Second, the language of the Critical Vendor Order was permissive rather than mandatory. The language authorizing, but not directing, the Debtors to make critical vendor payments undercut the Defendants’ argument that prepetition transfers would necessarily have been authorized by the Critical Vendor Order had they not been made prepetition.
Third, the Critical Vendor Order included express language making clear that avoidance claims were not waived. The Critical Vendor Order specifically provided that “[n]othing contained . . . in this Final Order is intended to be or shall be construed as . . . (c) a waiver of any claims or causes of action that may exist against any creditor or interest holder.”
The Court further distinguished the facts of the case from the limited circumstances in which courts in the Third Circuit recognize a “critical vendor defense.” The Court explained that a critical vendor defense only exists where: (i) the debtor is required to pay the prepetition claims, either by order, stipulation, agreement, or statute; or (ii) the creditor against whom the preference action is asserted holds a priority claim and would therefore have unquestionably been paid in full in a liquidation scenario.
Based on its review of the Critical Vendor Order, the Court concluded that the first prong was not satisfied. The Court distinguished other instances in which the first prong was satisfied by: (i) an order authorizing assumption of the underlying agreement (and, thus, requiring a cure of outstanding amounts) under 11 U.S.C. § 365, (ii) a postpetition agreement specifically obligating payment of any prepetition claim; or (iii) a prepetition priority wage claim that was otherwise required to be paid under an employee wage and benefits order.
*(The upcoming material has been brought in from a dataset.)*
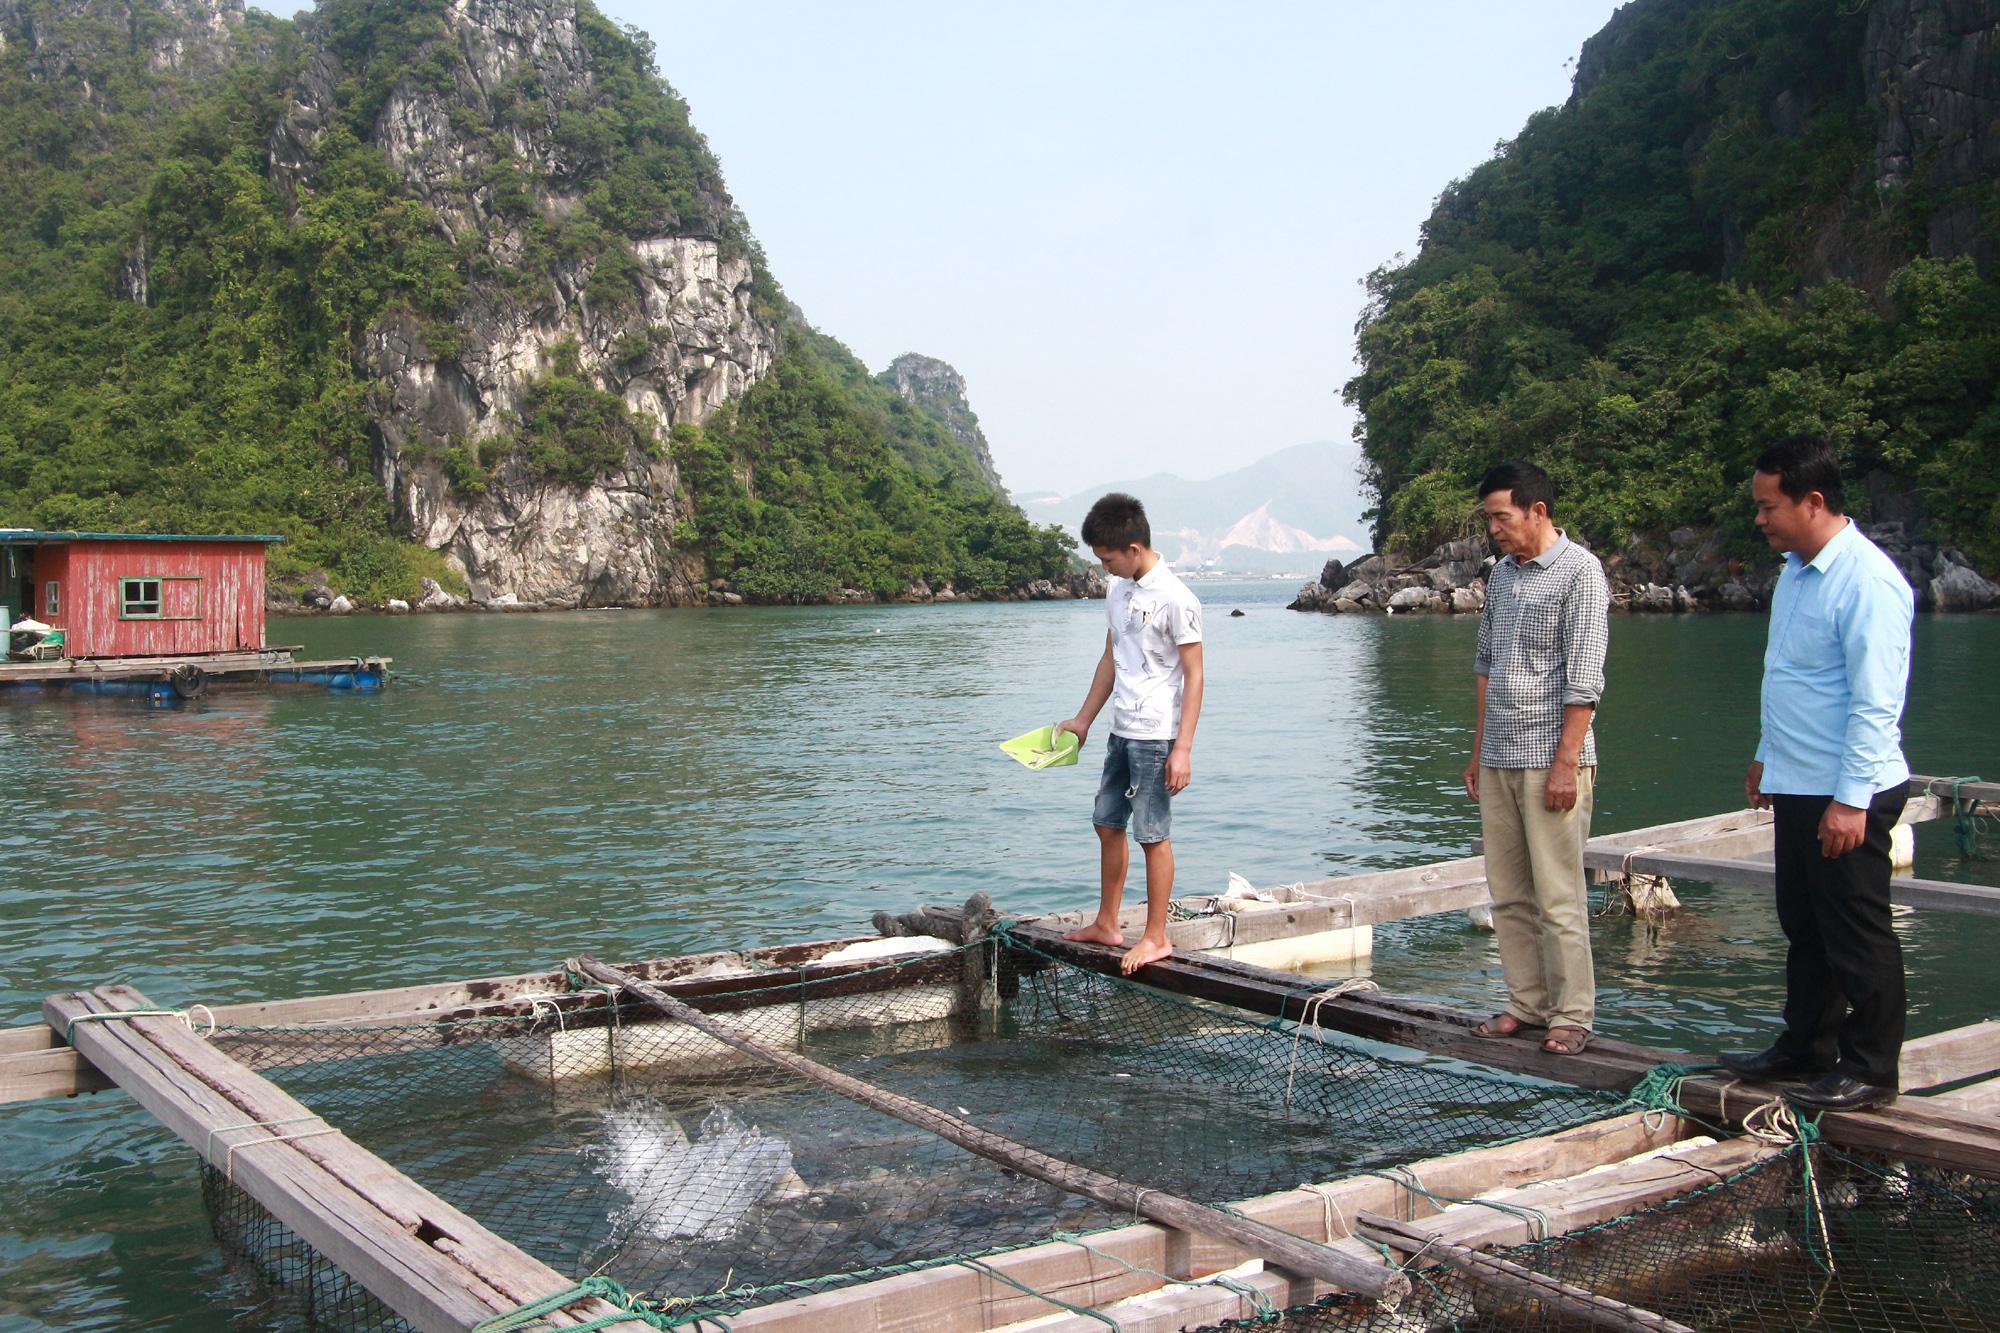 Sản vật biển tỉnh Quảng Ninh: Nuôi loài cá giò con to như bắp đùi người lớn, thịt ngọt, giá mềm là vì điều này - Ảnh 5.

Further, whether the Defendants would have “unquestionably” received payment in a full liquidation scenario was a factual question not appropriate on a motion to dismiss. The Court could not conclude at the pleading stage that the Defendants would have unquestionably been paid in full in a liquidation—the transfers were on account of general unsecured claims rather than priority claims.
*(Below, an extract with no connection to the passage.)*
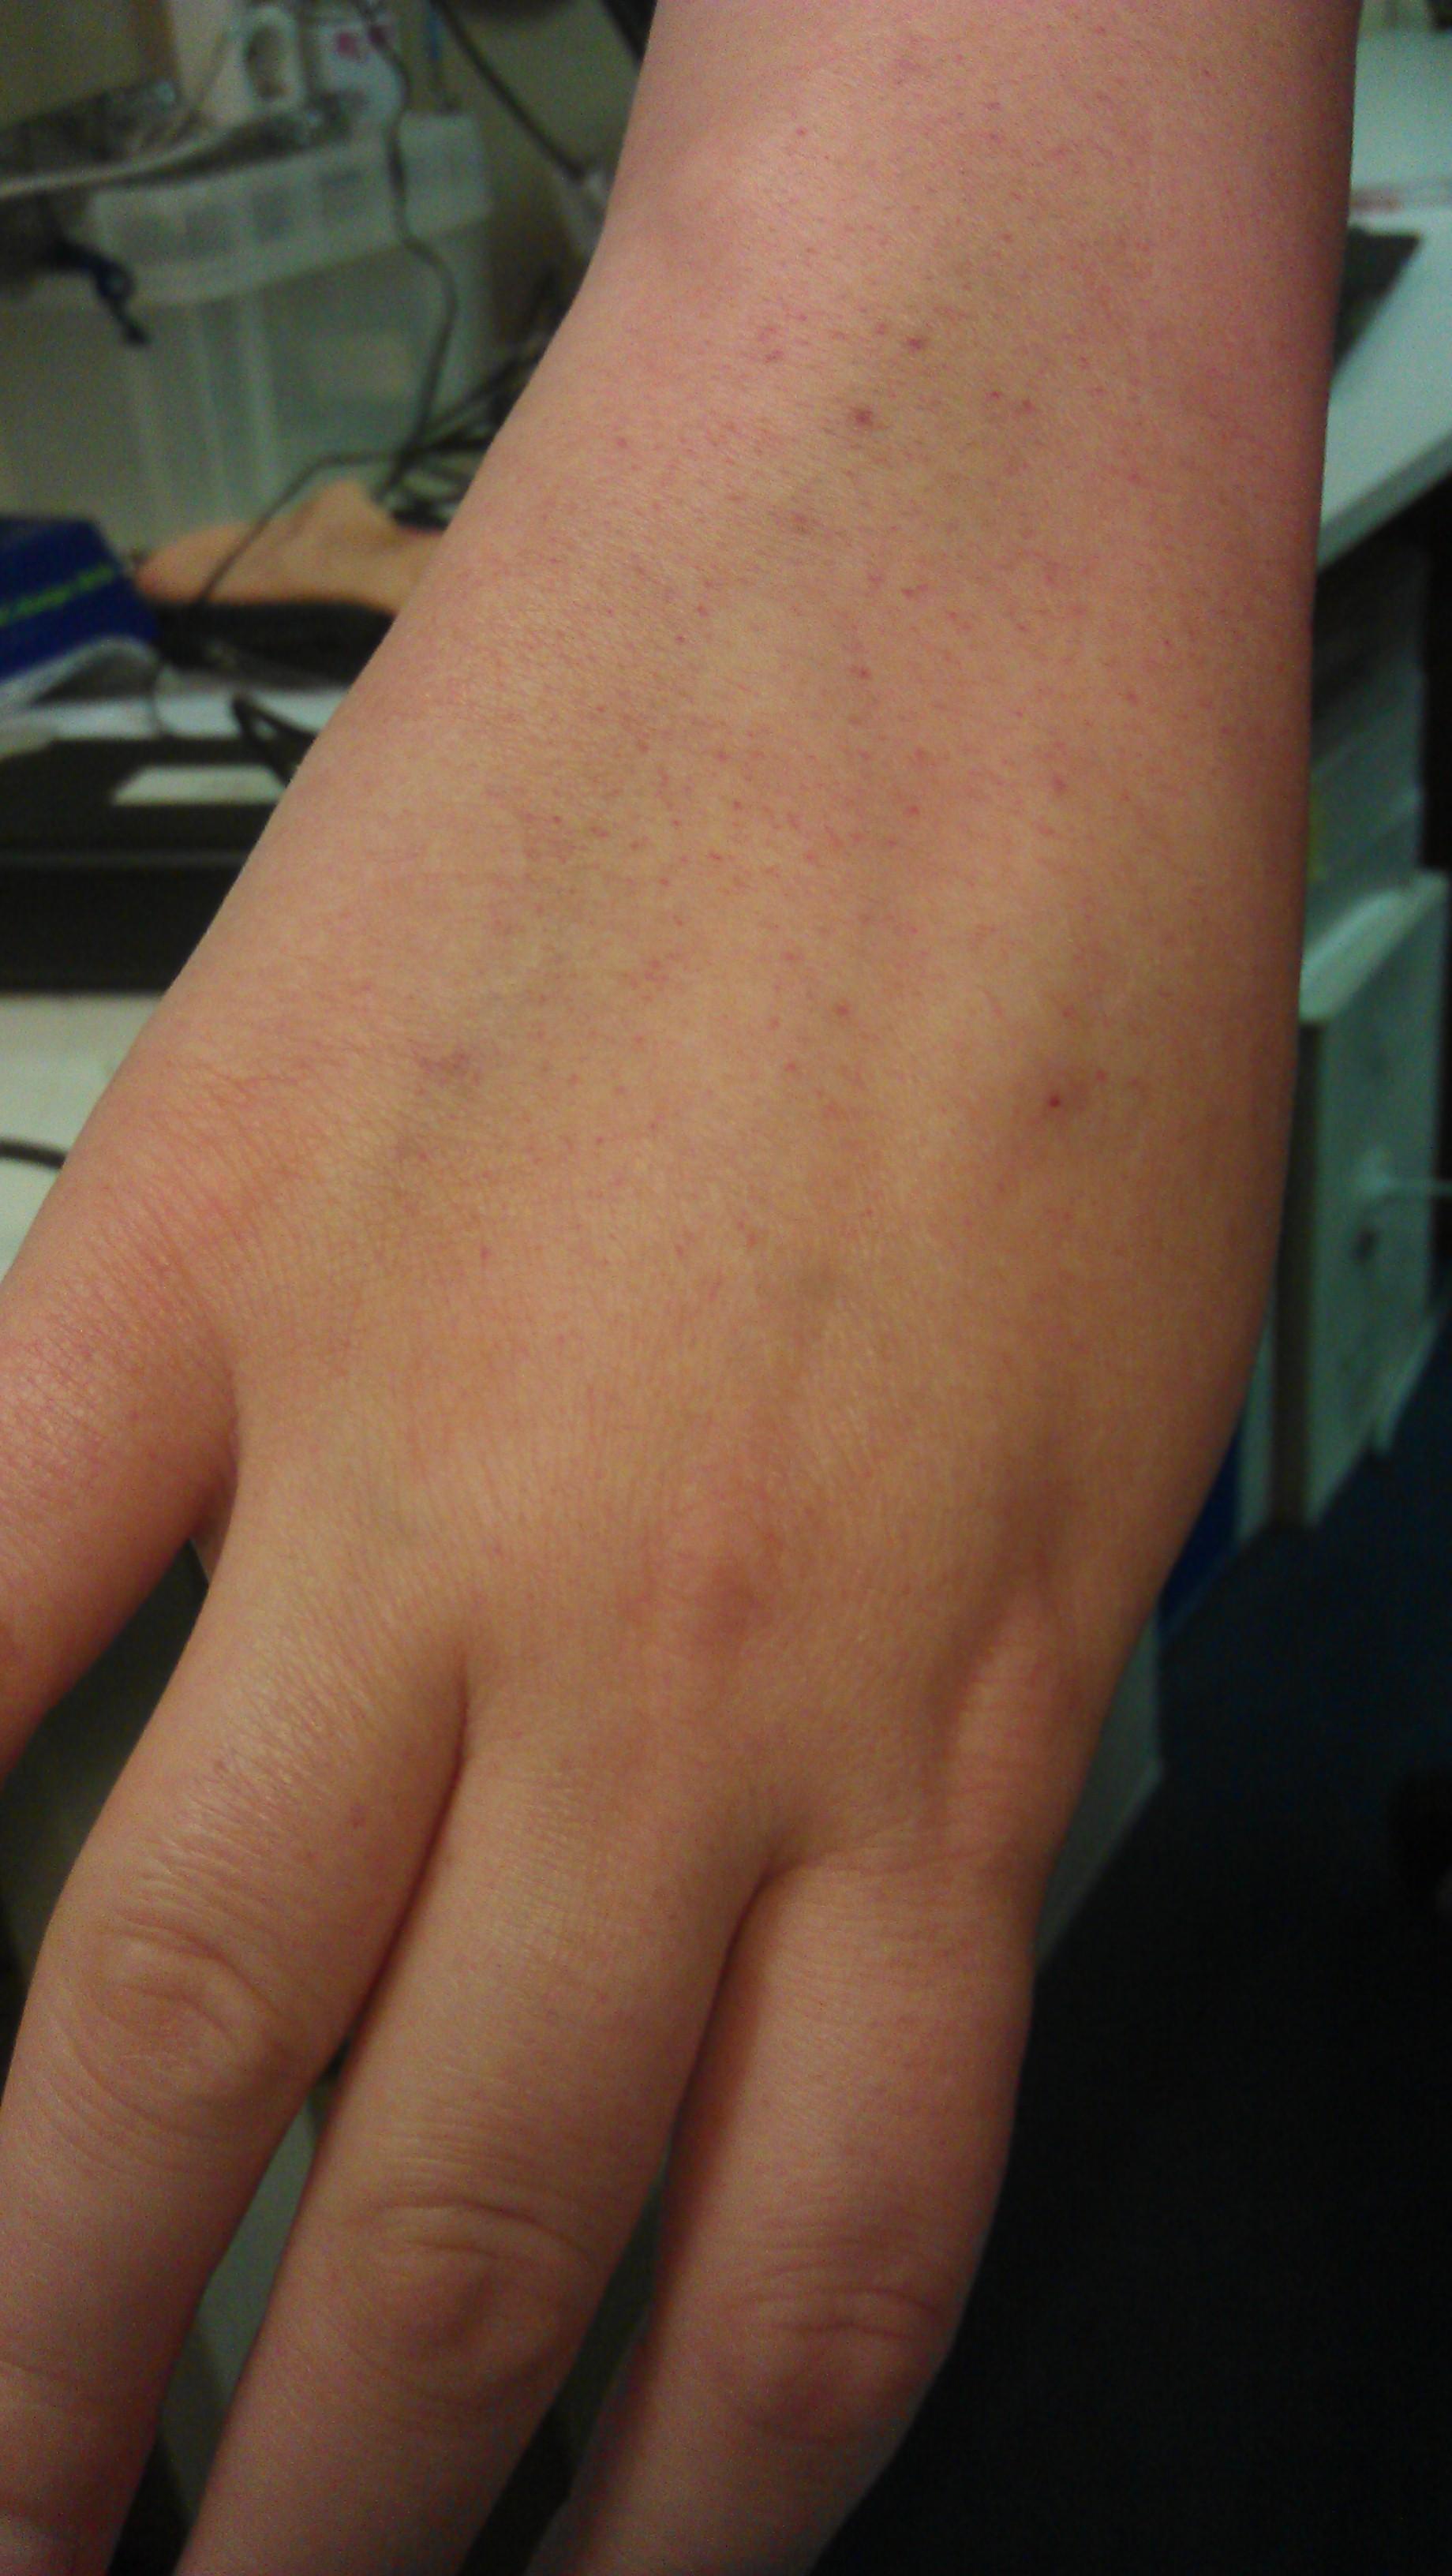 Petechiën-hand-aplastische-anemie

The “Something More” Critical Vendors Should Request
The Court concluded that “the fact that a creditor was named in a court order as a ‘critical’ or otherwise important customer of a debtor is not in and of itself enough to bar a preference claim; something more is required.” The most obvious among the potential cures is specific language in the critical vendor order requiring payment of prepetition claims, which would require debtors to abandon the ubiquitous “authorized, but not directed” language common to first day orders. Mandatory prepetition claim payment may draw heavier scrutiny, particularly early in a case before the appointment of a committee; however, specific language in the order mandating payment of prepetition claims would clearly bring non-priority claims within the ambit of the “critical vendor defense.” Additionally, depending on the vendor’s leverage and preference risk, negotiating an alternative postpetition agreement may prove effective. One thing is certain: the “something more” will certainly be of importance to critical vendors hoping to avoid an unwelcomed preference battle.